Elmgreen e Dragset, A Colmeia
  • Sobre The Hive: A fantástica paisagem urbana invertida de Elmgreen & Dragset faz referência a edifícios icônicos da cidade de Nova York e de outras cidades ao redor do mundo, celebrando as novas perspectivas e a interconexão que as viagens proporcionam. Abrangendo um teto de 24 metros de comprimento, The Hive é composta por 91 edifícios que pesam um total de mais de 13.600 kg, com edifícios de até 2,7 metros de altura e integrando mais de 1.3 km de fita de LED.
  • Sobre Elmgreen e Dragset: A dupla de artistas radicada em Berlim cria esculturas e instalações que inspiram novas perspectivas sobre os objetos e estruturas do nosso cotidiano.
  • Por trás das cenas: Public Art Fund Trabalhamos em colaboração com os artistas e os arquitetos da Moynihan para desenvolver a instalação suspensa e garantir a segurança, o design e a integração completa ao teto.

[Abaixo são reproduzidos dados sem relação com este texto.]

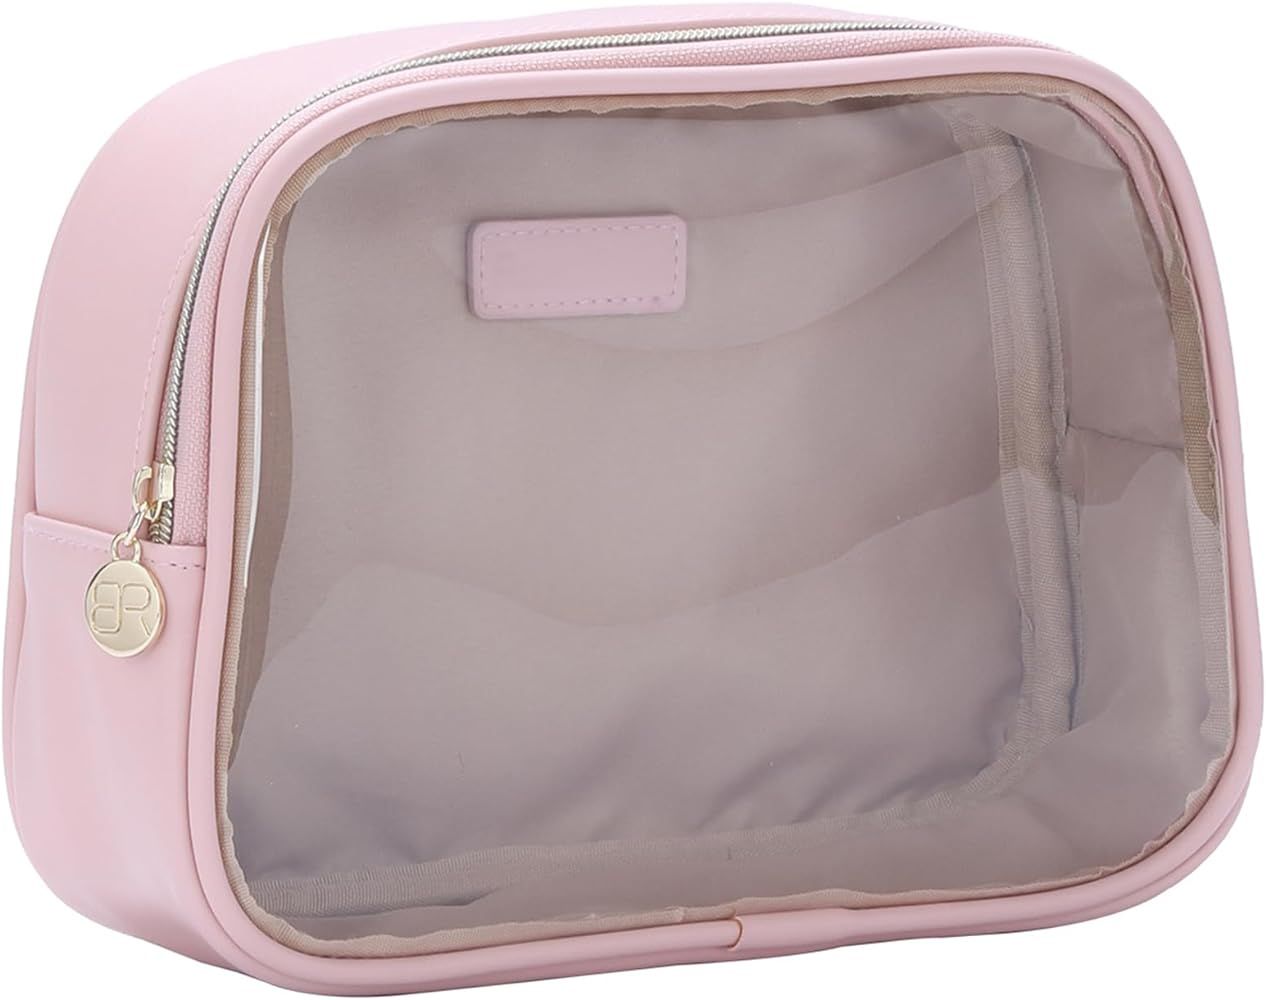 Clear Makeup Bag for Purse,Travel Cosmetic Bag for Girls, Organizer Bag for Accessories Pink | Amazon (US)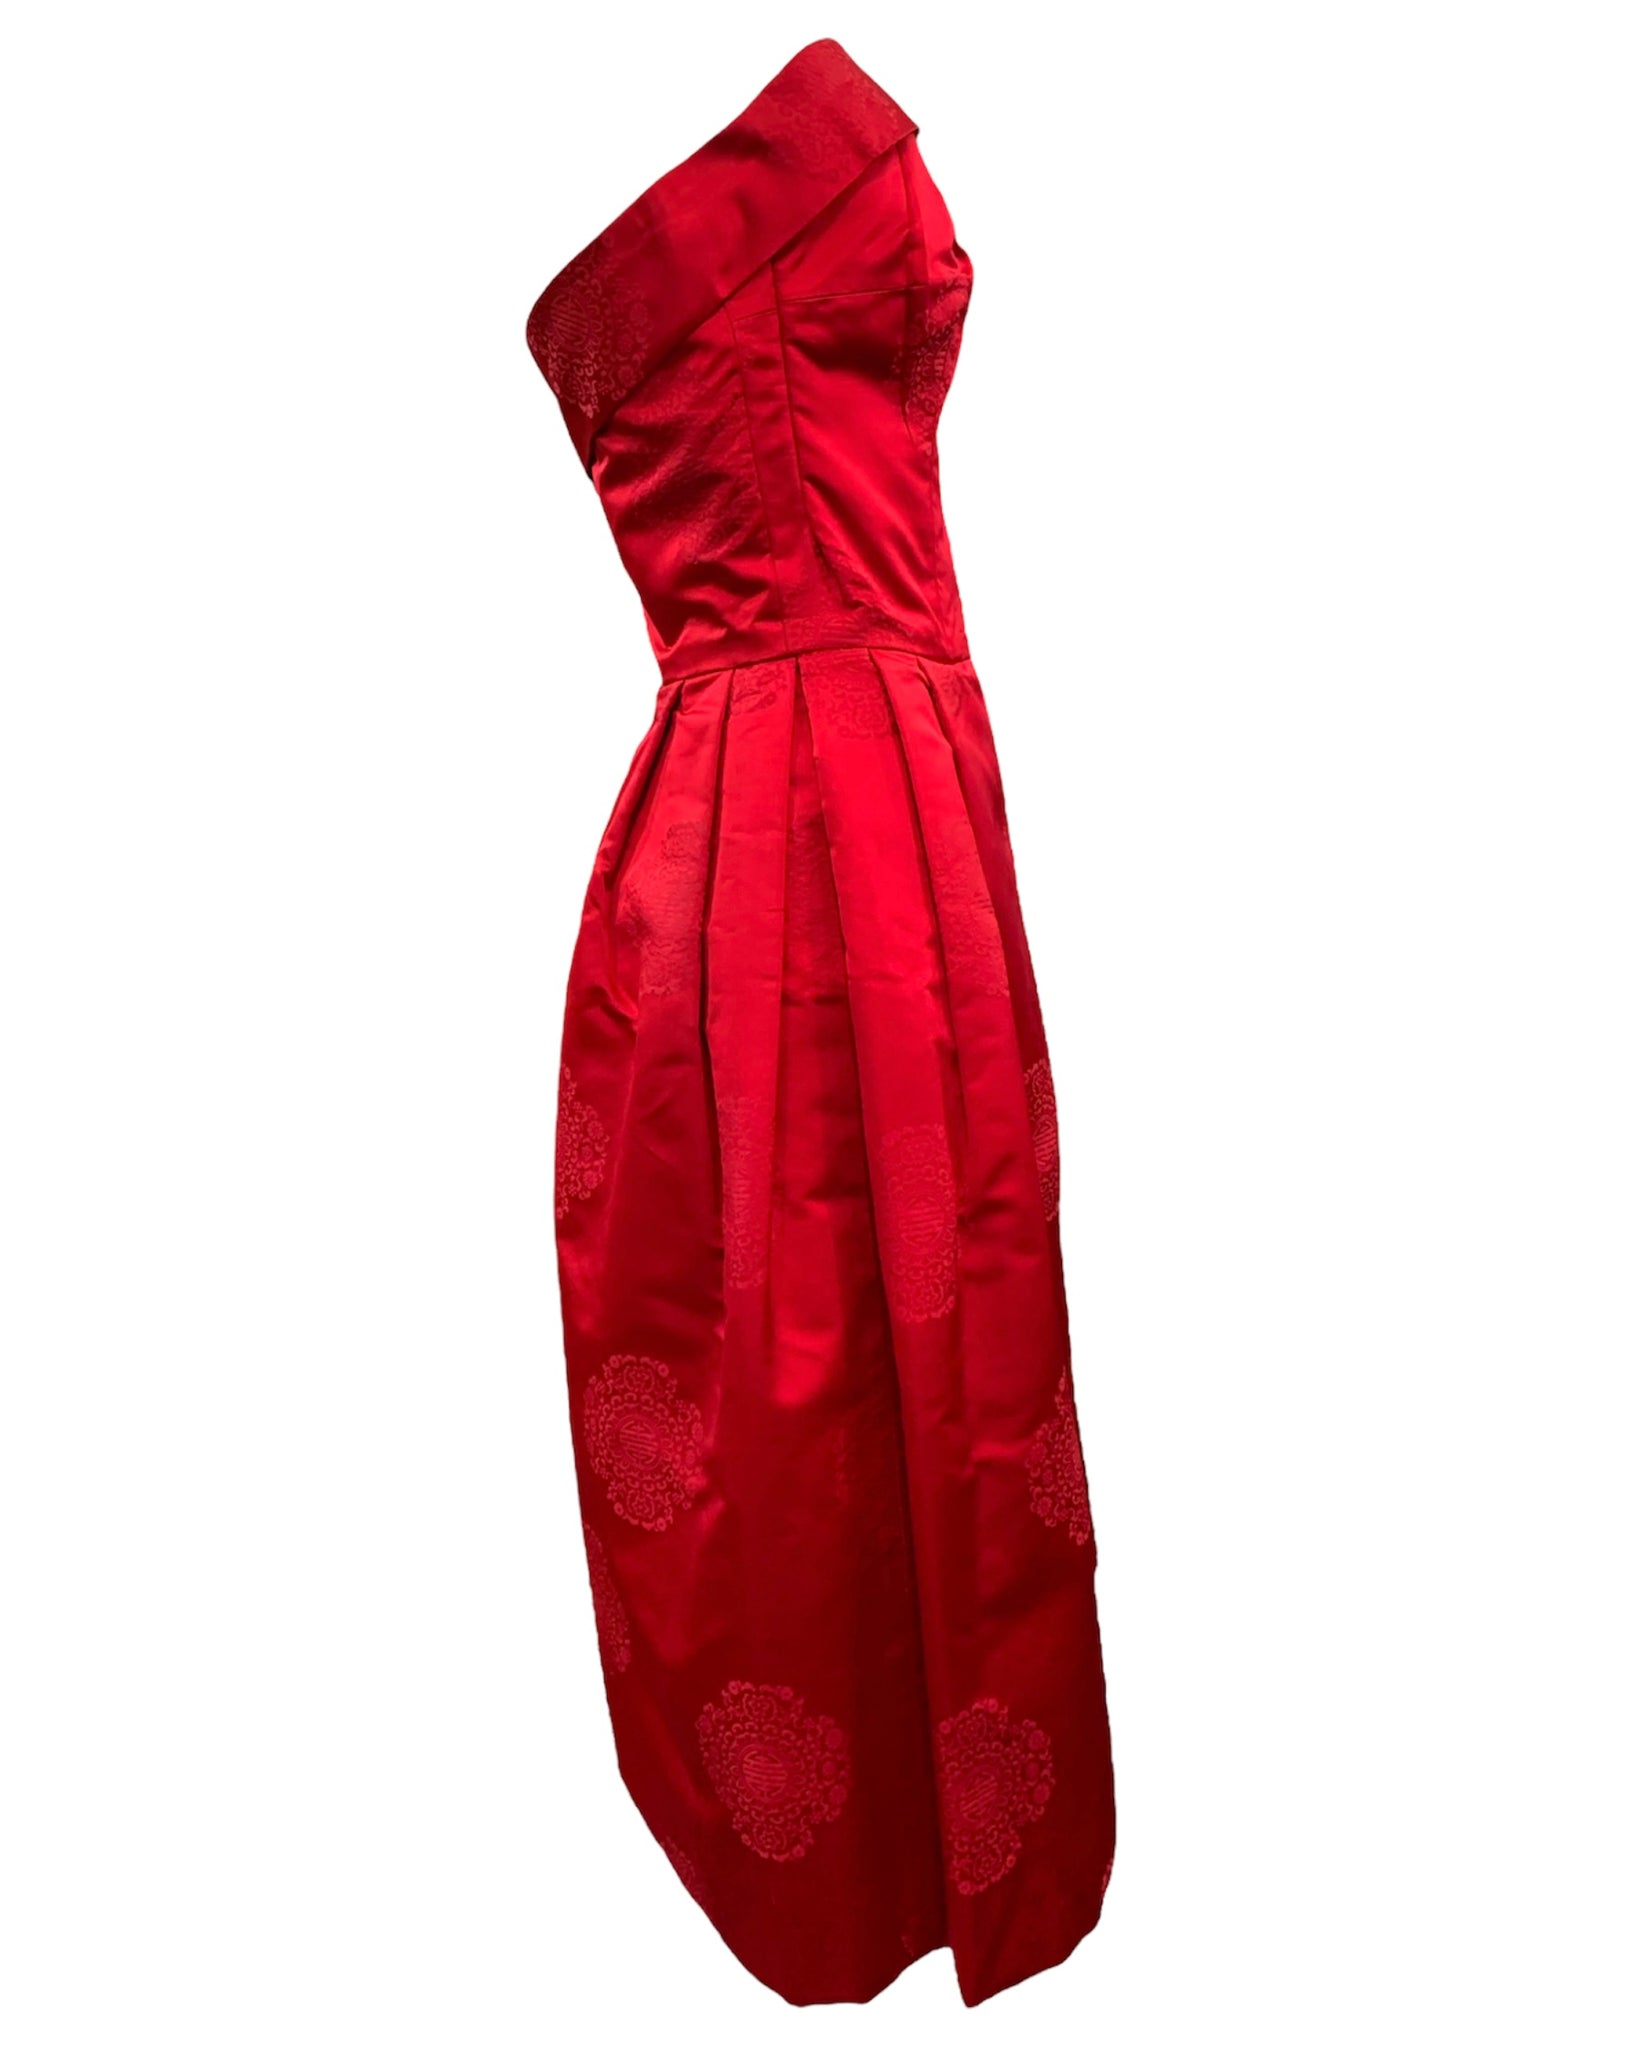 50s Red Satin Strapless Cocktail Dress SIDE 2 of 5

A produção ocorreu em vários países, coordenada por Public Art Fund.
Detalhe de um tríptico de vitral ricamente pintado, representando uma jovem mulher negra em uma pose inspirada na dança break, tendo como pano de fundo nuvens ondulantes em um cenário deslumbrante...
Kehinde Wiley, Vá
  • Sobre Go: Evocando a grandiosidade da pintura decorativa renascentista e barroca, o tríptico de vitrais pintado à mão apresenta jovens negros nova-iorquinos em poses inspiradas na dança break, habitando uma paisagem onírica surrealista de leveza, possibilidade e sobrevivência.
  • Sobre Kehinde Wiley: Com base em Nova Iorque e Dakar, Wiley ganhou reconhecimento por suas pinturas altamente naturalistas de pessoas negras e pardas em poses e formatos extraídos do cânone da história da arte ocidental, que ressaltam a exclusão histórica de pessoas de cor.
  • Por trás das cenas: Os vitrais foram produzidos na República Tcheca. Fabricada em Nova York, a moldura ao redor dos três painéis de vidro foi projetada para combinar com a estrutura metálica das janelas externas. A claraboia retroiluminada foi desenvolvida para se integrar perfeitamente à arquitetura. Public Art Fund Integrado ao projeto base do edifício e gerenciado em conjunto com a equipe da Moynihan e o fabricante.

Testemunhos

“Este importante projeto transformou um edifício centenário em um portal moderno que expande a Penn Station e aprimora significativamente a experiência do viajante.” — Governadora Kathy Hochul

 

“Um dos aspectos mais notáveis ​​deste projeto é a forma como ele transforma um edifício subutilizado e pouco valorizado em uma nova e convidativa porta de entrada para esta cidade.” — SKidmore, Roger Duffy, sócio de design da Owings & Merrill. 

 

O Moynihan Train Hall "cumpre sua promessa, oferecendo à cidade a entrada inspiradora que ela merece... A transformação atual é impressionante."
New York Times crítico de arquitetura Michael Kimmelman

 

“A inclusão de obras de artistas renomados traz um clima festivo, um sentimento de orgulho para o espaço público.”